My journey in clinical medicine was shaped by a year in the Johns Hopkins School of Public Health, and later at the US Centers for Disease Control. I qualified as both an internist (caring for individuals) and an epidemiologist (caring for communities). However, as I attempted to integrate these two approaches to health during our years in mission in Ethiopia, I discovered powerful forces that were keeping them apart.
This blog explores some of these forces, with the hope that we can better integrate them for the sake of the flourishing of all. There is practical atheism (secularism) at both extremes; both medical work and community work can become endpoints in themselves. Both can strip out meaning and purpose, especially the purposes of God for health and salvation. Ultimately, only a Biblical vision of the Kingdom of God will harness these powerful tools for an integrated approach to health.
What forces keep hospital and community healthcare mission efforts apart?
- Hospitals have become increasingly specialized and technical since the dawn of scientific medicine in the mid-1800s, while community healthcare is not as technical.
- The complexity and cost of hospital care were the drivers behind the efforts of Christian missions at Tubingen, Germany, to ask whether it was realistic to continue to support them; community healthcare efforts are often of shorter duration and, in theory, simpler.
- Well-meaning efforts by the Christian Medical Commission (World Council of Churches) and the WHO in the 1970s began to emphasize the church’s role in healthcare; unfortunately, this led to hospitals being labeled as “disease palaces.”
- The culture of medicine is more “top-down” and service-oriented, while community (or primary) health is more “bottom-up” or developmental. One emphasizes the individual and the other the group.
- Skills needed for medical care are very different from those required for community health.
- Each of these ministries – hospital or community – can become an idol, or an end in itself.
- Hospitals value compassion, while primary or community health efforts tend to value justice. It is challenging to marry compassion and justice (especially without a gospel mindset).

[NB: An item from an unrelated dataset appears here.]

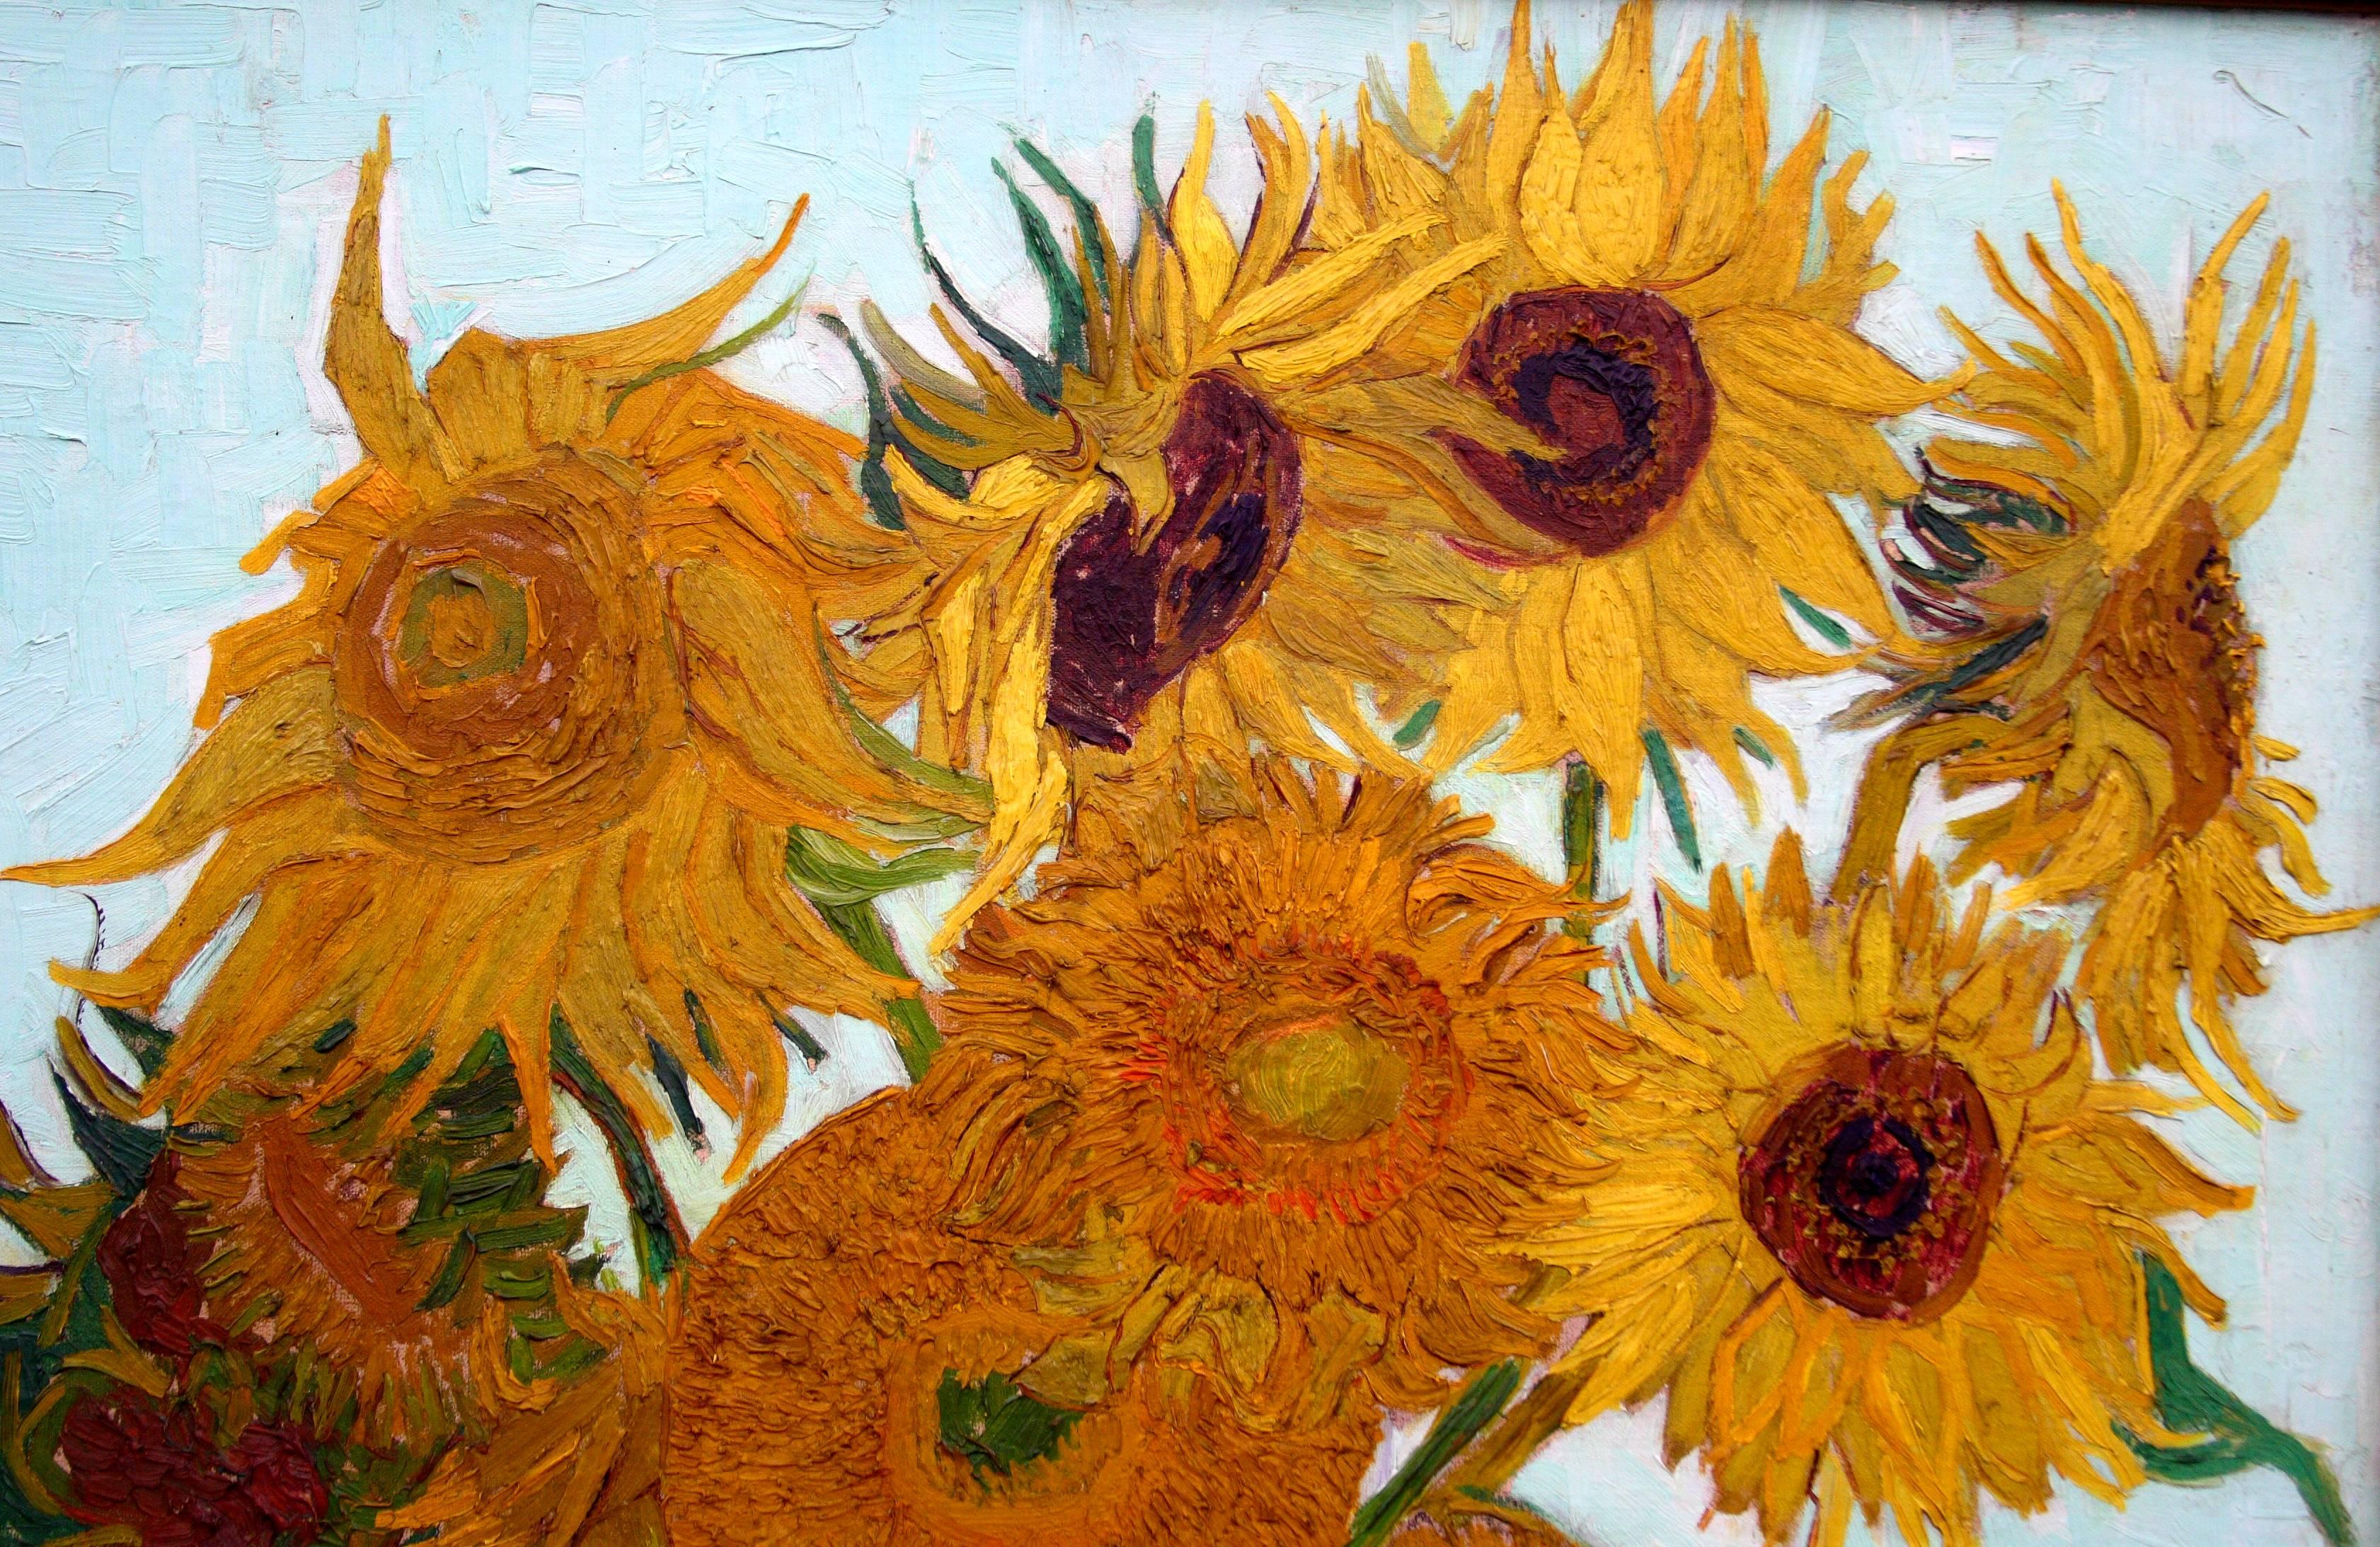 Van gogh sunflowers wallpapers top free van gogh sunflowers backgrounds wallpaperaccess - Hd wallpaper van gogh ...

What brings hospital and community healthcare efforts together?
- A Biblical perspective values both individual and community health. To be fully human means that we fulfill the purpose for which we were created. That means we are healthy when we live under God for the sake of both individuals and the community.
- Early Christians ministered to the sick in the community during epidemics, burdened by the spiritual and physical needs of the dying. This led to the birth of the modern hospital by Christians in the fourth century. The historical record of the church’s role in health demonstrates both individual and group care.
- God is glorified and Christ’s kingdom is advanced as human beings find wholeness in community. That community may start in either the hospital or outside but extends across the threshold of the hospital. The people in the “community,” of course, also come to the hospital!
- “Covenant also reminds us that full and complete humanity is found in community; humanity as a whole is the image of God in creation and redemption.” [Reformed Dogmatics, by Herman Bavinck, 2011]
- Modern mission history provides numerous examples of early pioneers who worked tirelessly to treat patients in hospitals or clinics, while also training and promoting health in the community (e.g., leprosy care, TB and HIV care, primary healthcare, etc.).
How can we avoid an “either-or” approach to healthcare?
- In Theology of Health, Dr. Tyler VanderWeel reminds us of “the critical role of community in healing.” In many ways, healing occurs in community.
- Institutional healthcare is not a broad enough goal; neither is community healthcare. We need a vision of transformation and healing of both the individual and the community.
- Let’s build the work of mission on solid theology, especially a sound understanding of the gospel. This means evangelism (declaring the work of God in Christ), discipleship (building others up in Christ) and church planting (establishing groups of disciples) all have an orientation both upwards to God and outwards to the community.
- Establish leadership for the challenges in medical or healthcare mission. Leaders do not just focus on today but look for what God is doing and follow him, building partnerships with others in the process
- Change our Western mission structures to better integrate healthcare (both individual and community) with other mission efforts such as evangelistic outreach, Biblical training, justice advocacy, etc. The structures must allow for non-Western medical and non-medical workers to work together on health in the broadest sense (not just health of the body but health of the person and community).
- Become counter-cultural as we confront the idolatry of secular modern mindsets, especially those we find in modern medicine.